Start of Collected material

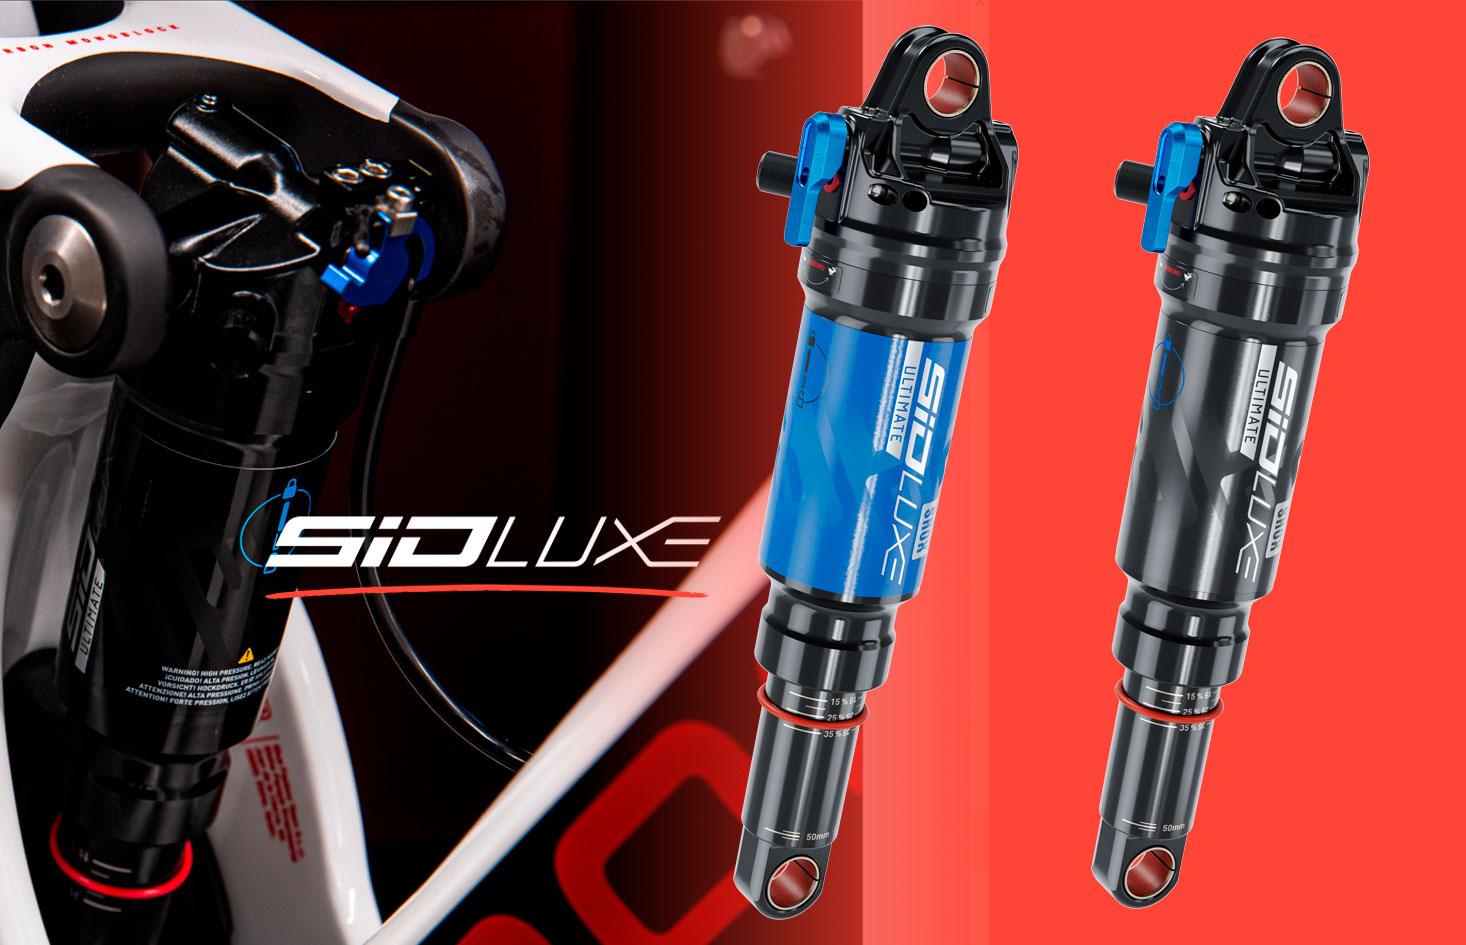 Amortiguadores RockShox SIDLuxe
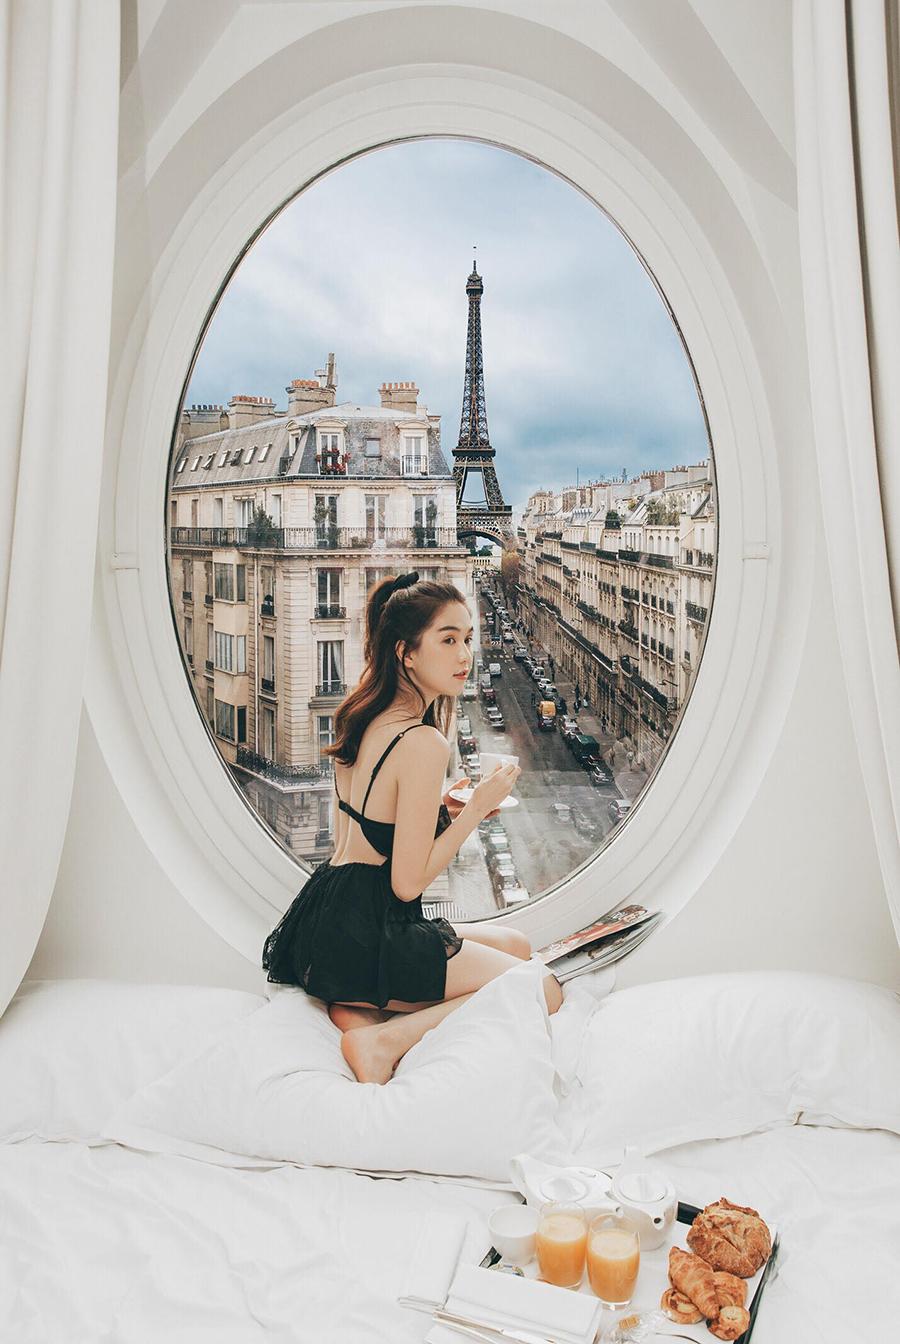 Một buổi sáng đẹp như mơ trên đất Pháp.
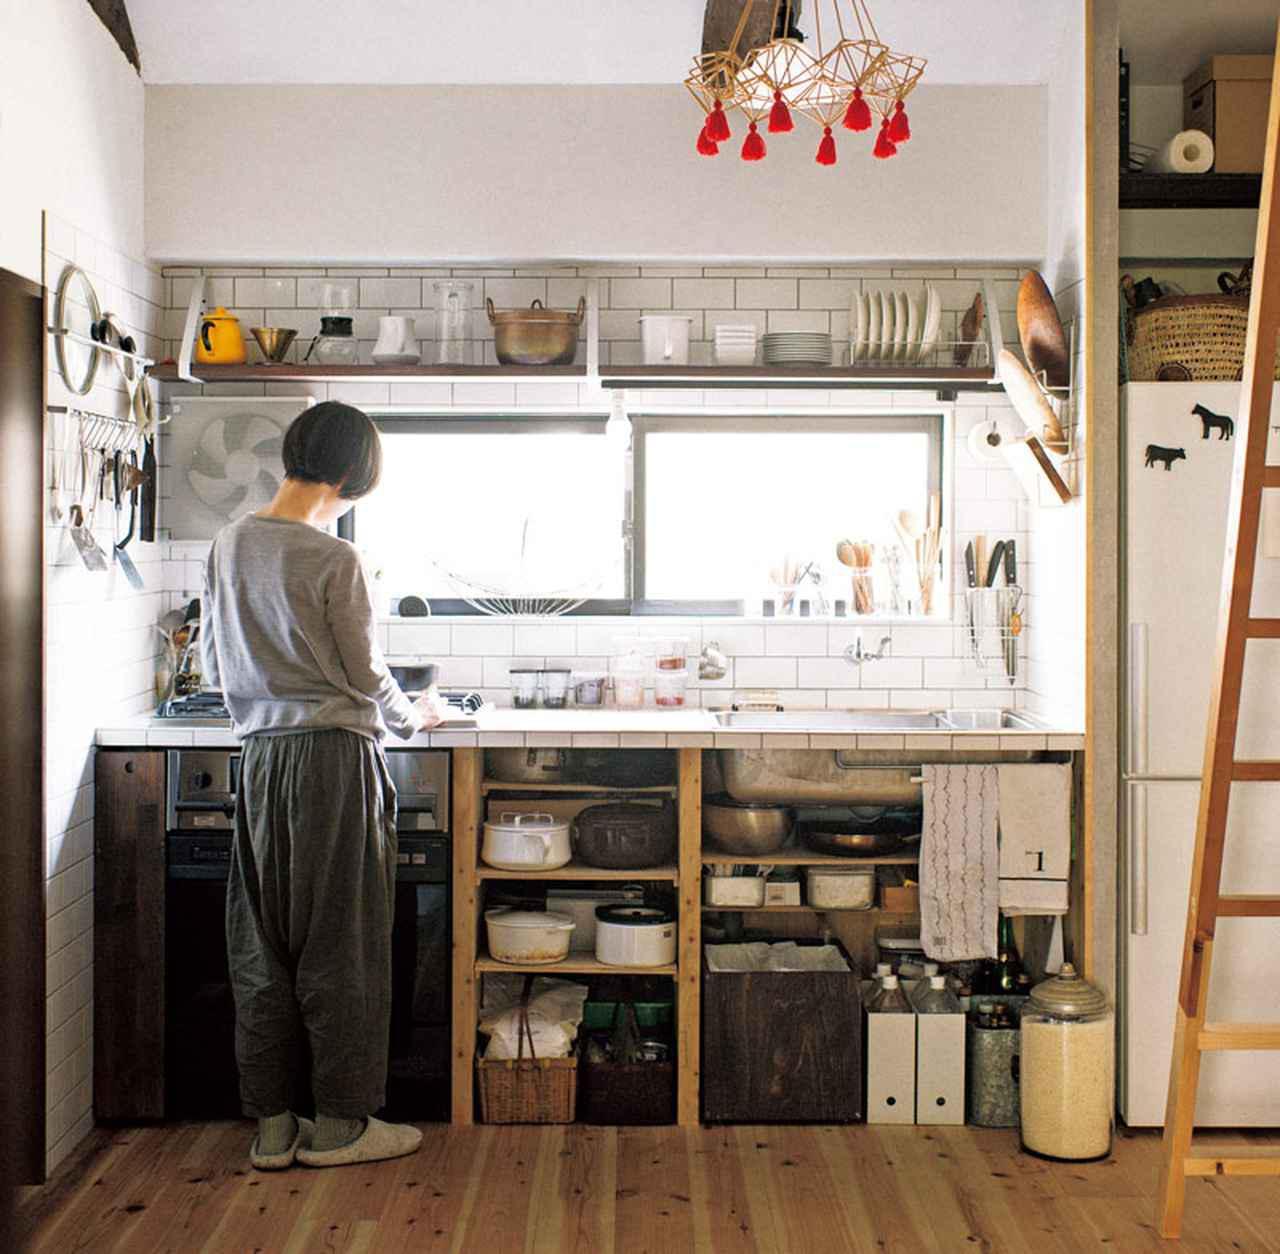 画像: キッチンは手づくりの収納スペースで|片づけが楽しい家/扉野良人さん、鈴木 潤さん

End of Collected material

Could you retype the whole listing word for word, minus its pictures?

 Amortiguadores RockShox SIDLuxe
 Một buổi sáng đẹp như mơ trên đất Pháp.
 画像: キッチンは手づくりの収納スペースで|片づけが楽しい家/扉野良人さん、鈴木 潤さん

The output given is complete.